Acoustic resonance in high pressure discharge lamps

Summary form only given. Nowadays, the rational use of energy is getting a priority for most countries. As the lighting often accounts for an important part of the total energy consumption, much research is needed to improve its management. The design of new generation electronic ballasts offers interesting possibilities in this field but the coupling with discharge lamps and its characteristic electrical behavior is critical. S. Epron (1999) experimentally underlined the effect of the power supply on the acoustic resonance in the bulk of high pressure mercury and sodium lamps. The propagation of acoustic waves in the plasma can cause the deformation of the arc and, in extreme situations, the destruction of the vessel.

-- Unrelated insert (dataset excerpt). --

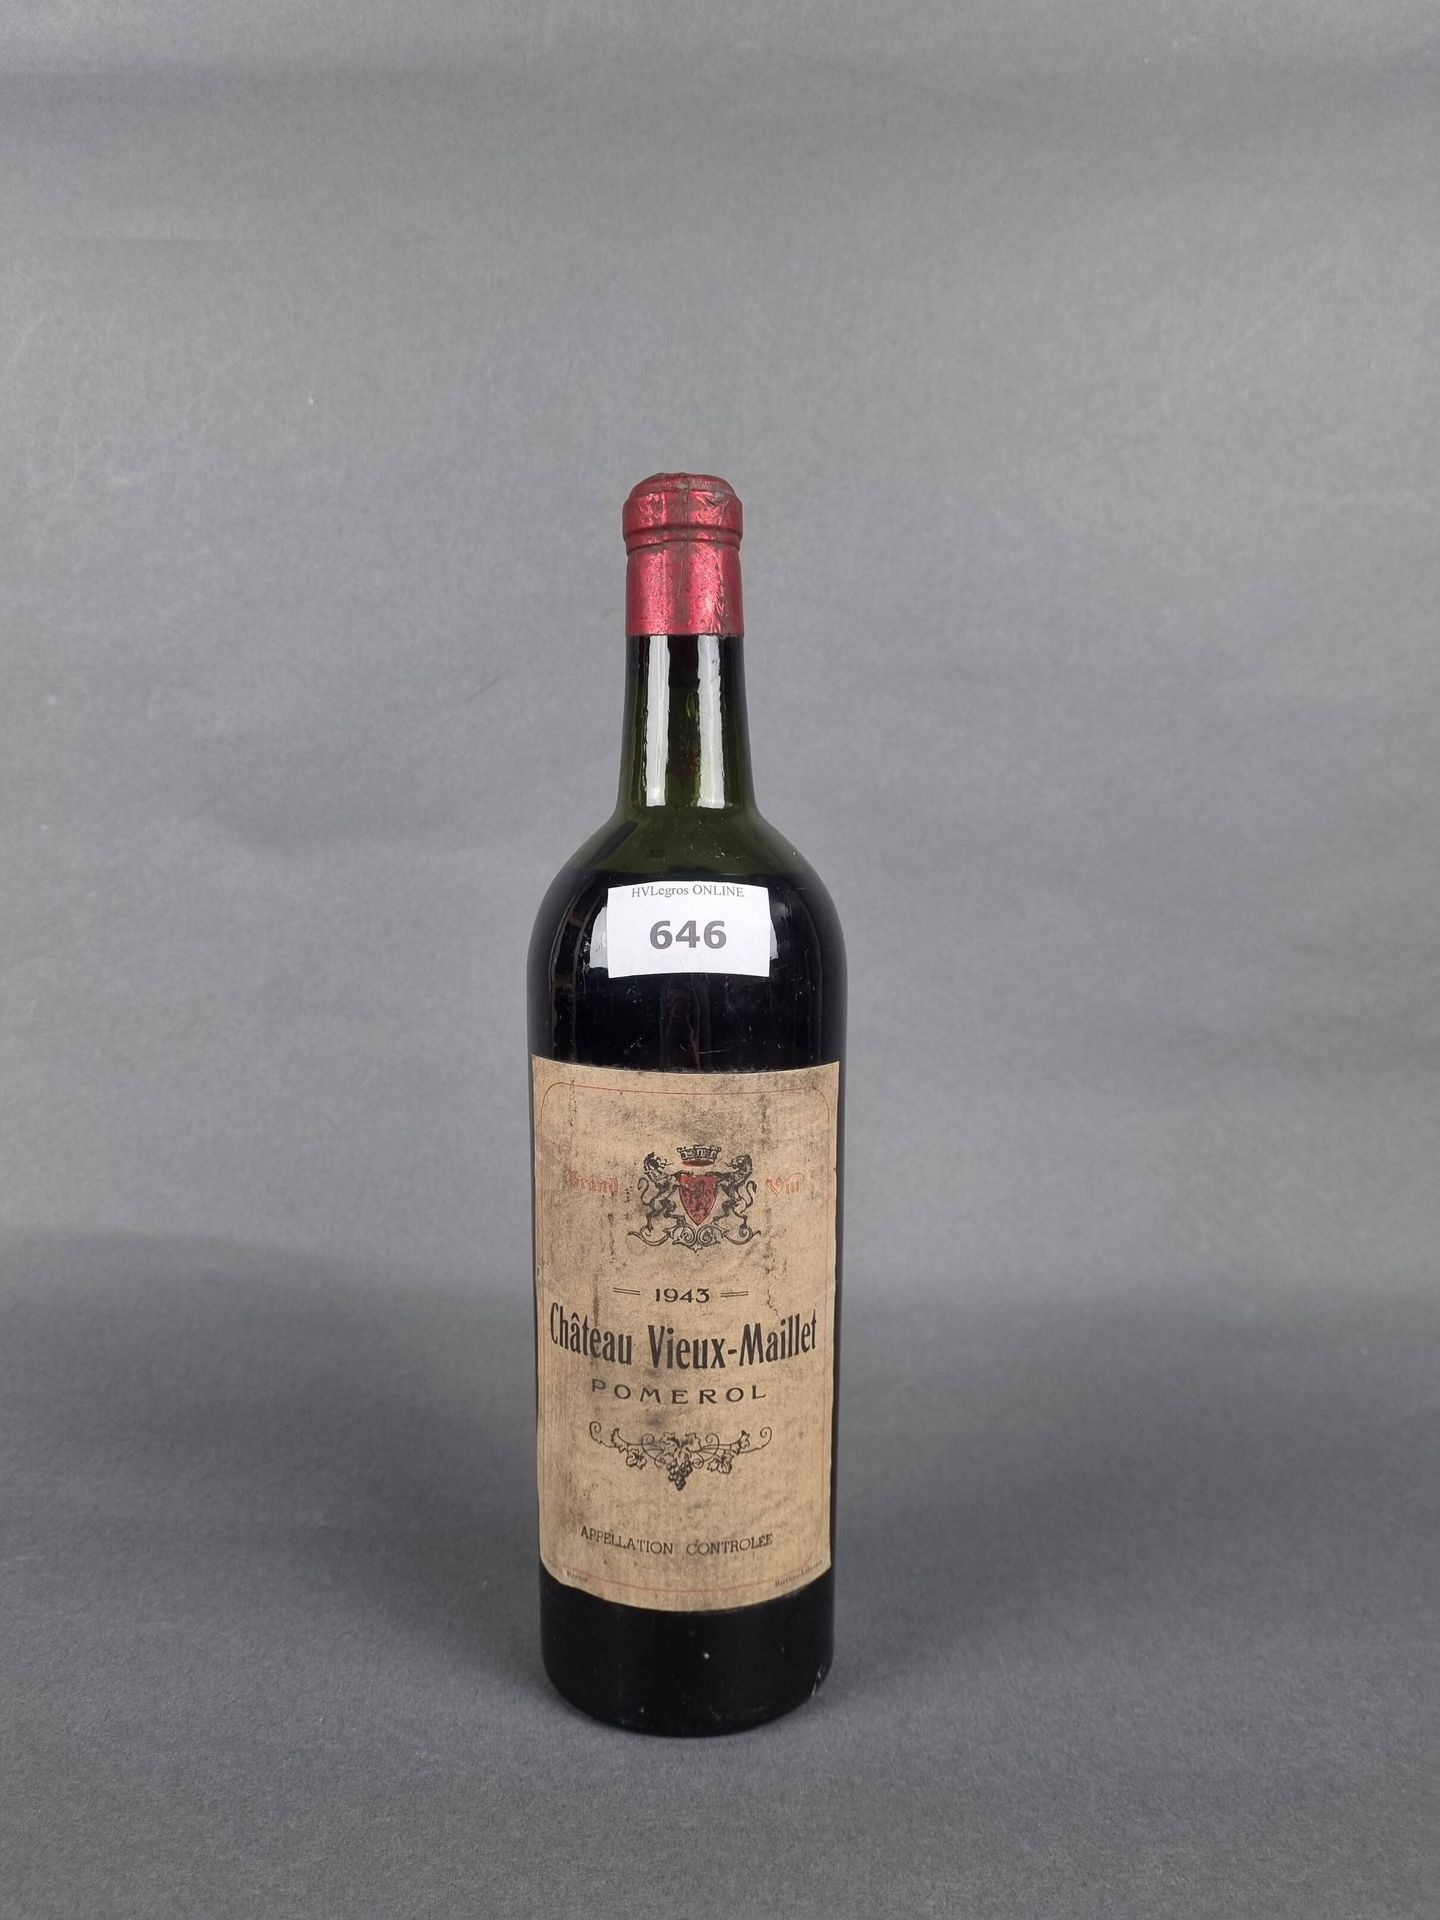 Null 1 bottle of Château Vieux-Maillet Pomerol 1943.

The aim of that work is to determine the influence of the cathode sheath on the excitation of the acoustic modes. Assuming that a high pressure mercury lamp is supplied by a constant current on which is superimposed a sine wave perturbation at various frequencies, the momentum exchanged by electrons accelerated in the sheath can cause an overpressure of 100Pa as an order of magnitude. This overpressure is located in the near cathode region and implies the propagation of an acoustic wave in the bulk. This magnitude of overpressure is generally too low to produce an arc modification but if the excitation frequency corresponds to an acoustic resonance mode, then the pressure achieves high values at antinodes and arc modifications can be observed. Another influence of the power excitation on the acoustic resonance is the transition of the cathode mode from the diffuse to hot spot mode. Experimentally, in the cathode diffuse mode, an excitation of acoustic resonance is generally reversible but as soon as the arc switches to the hot spot cathode mode, the high speed random motion of the spot results an important excitation of several azimuthal modes and an unstable deformation of the arc can be observed. This nonlinear phenomenon is characterized by a hyst- resis as the excitation threshold differs from the deexcitation one. The study of the acoustic resonance and the understanding of its stimulation are very important steps to improve the coupling with new power supplies. Indeed, lamps are more and more submitted to various frequencies or wave forms.